«(...) A polémica em torno do Acordo Ortográfico e a vida atribulada do Instituto Internacional da Língua Portuguesa (IILP, criado no papel em 1989 e a funcionar desde 2000 na capital de Cabo Verde) seriam de somenos importância não fosse a língua invocada em permanência como o pilar primordial da CPLP, juntamente com a cultura e os laços históricos. (…)»
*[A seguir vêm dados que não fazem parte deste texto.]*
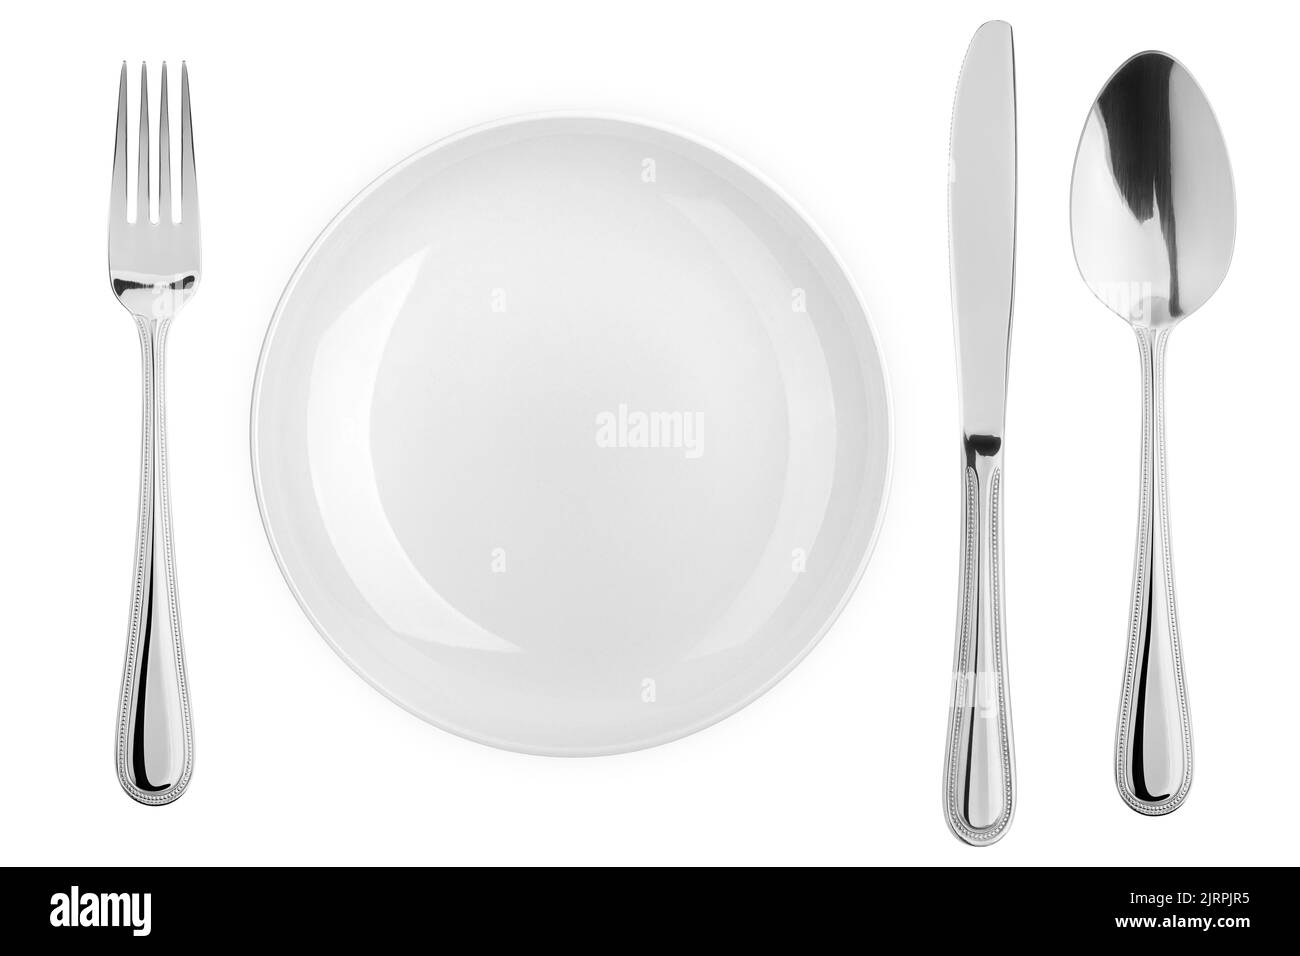 Piatto vuoto, forchetta, coltello, cucchiaio, posate isolate su sfondo bianco, percorso di ritaglio, vista dall'alto Foto Stock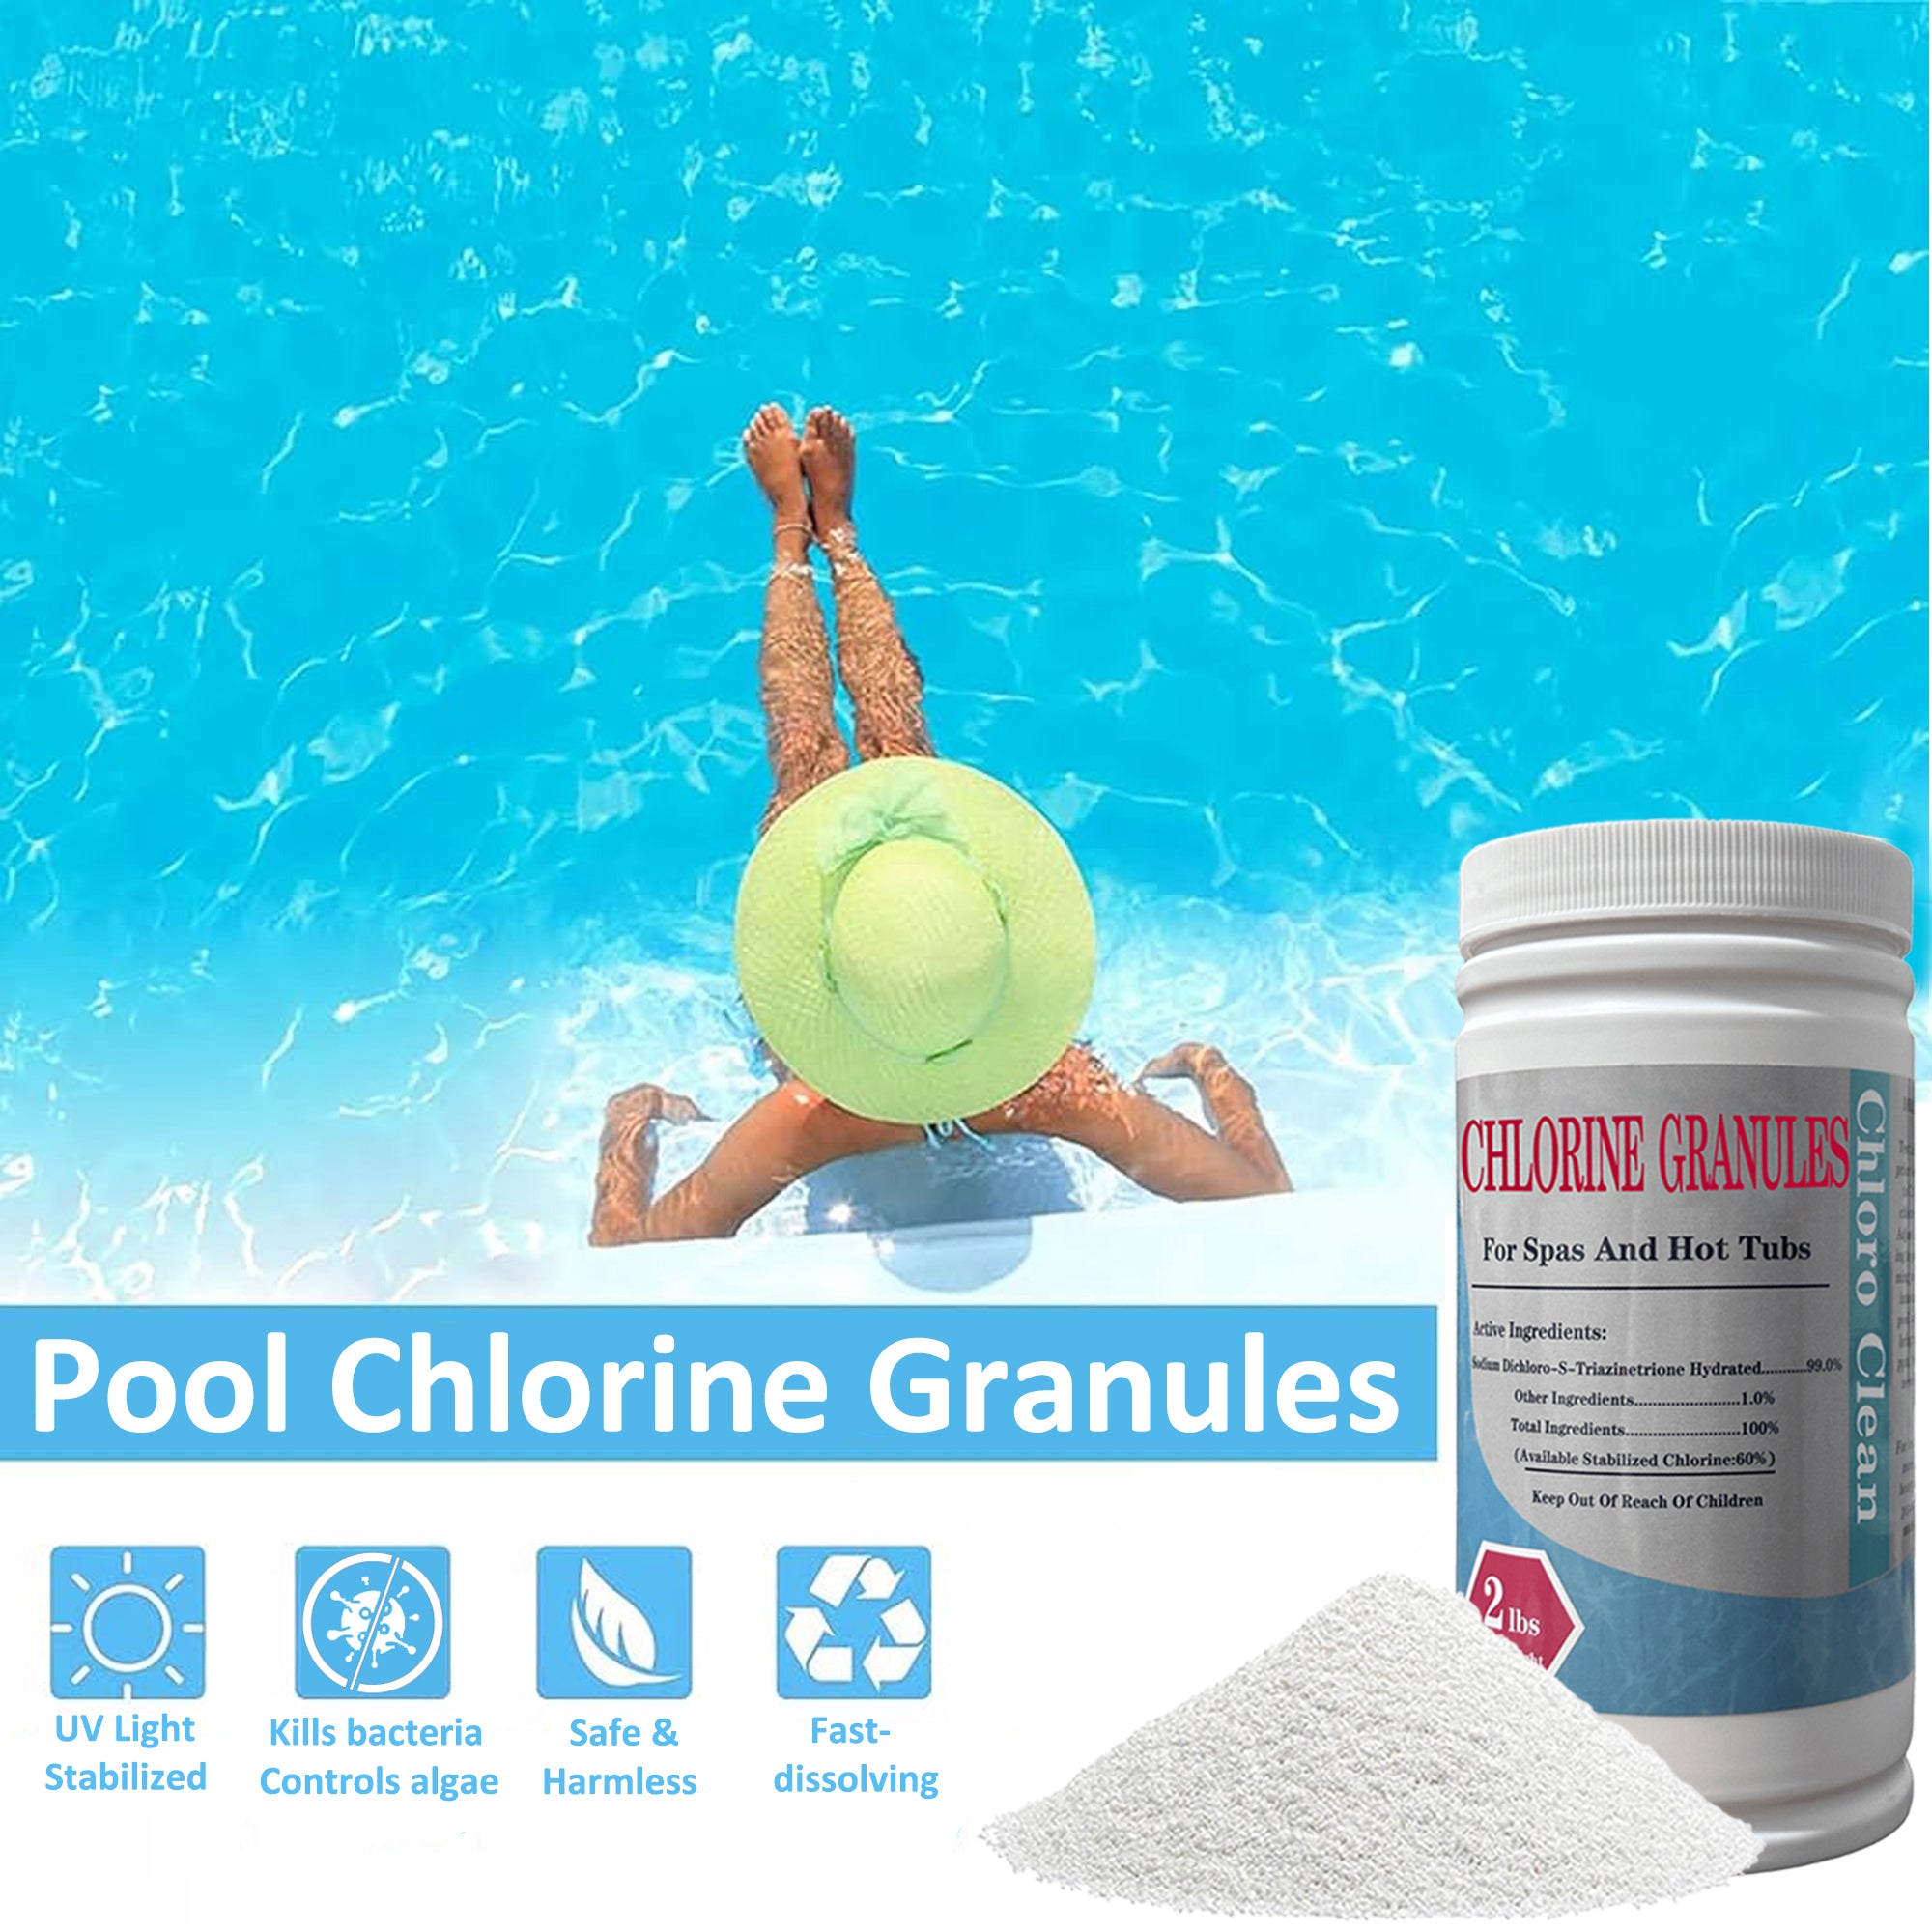 Pool Chlorine Granules

A 14 de junho, em Montreal (Canadá), a secretária executiva da (CPLP), Maria do Carmo Silveira, leu, em português, um vibrante e emotivo “Apelo por um Humanismo Universal”, iniciativa que reúne, além da CPLP, a Organização Internacional da Francofonia (OIF), Secretaria-Geral Ibero-Americana (SEGIB) e a Commonwealth. Michaëlle Jean, Rebeca Grynspan e Patricia Scotland martelaram o mesmo texto em francês, espanhol e inglês. Aconteceu no Fórum Económico Internacional das Américas, que desde 1994 reúne anualmente chefes de Estado e de Governo, empresários e sindicalistas, ONG e organizações cívicas para debater os grandes temas da atualidade. A edição deste ano contou com mais de 4000 participantes de três continentes.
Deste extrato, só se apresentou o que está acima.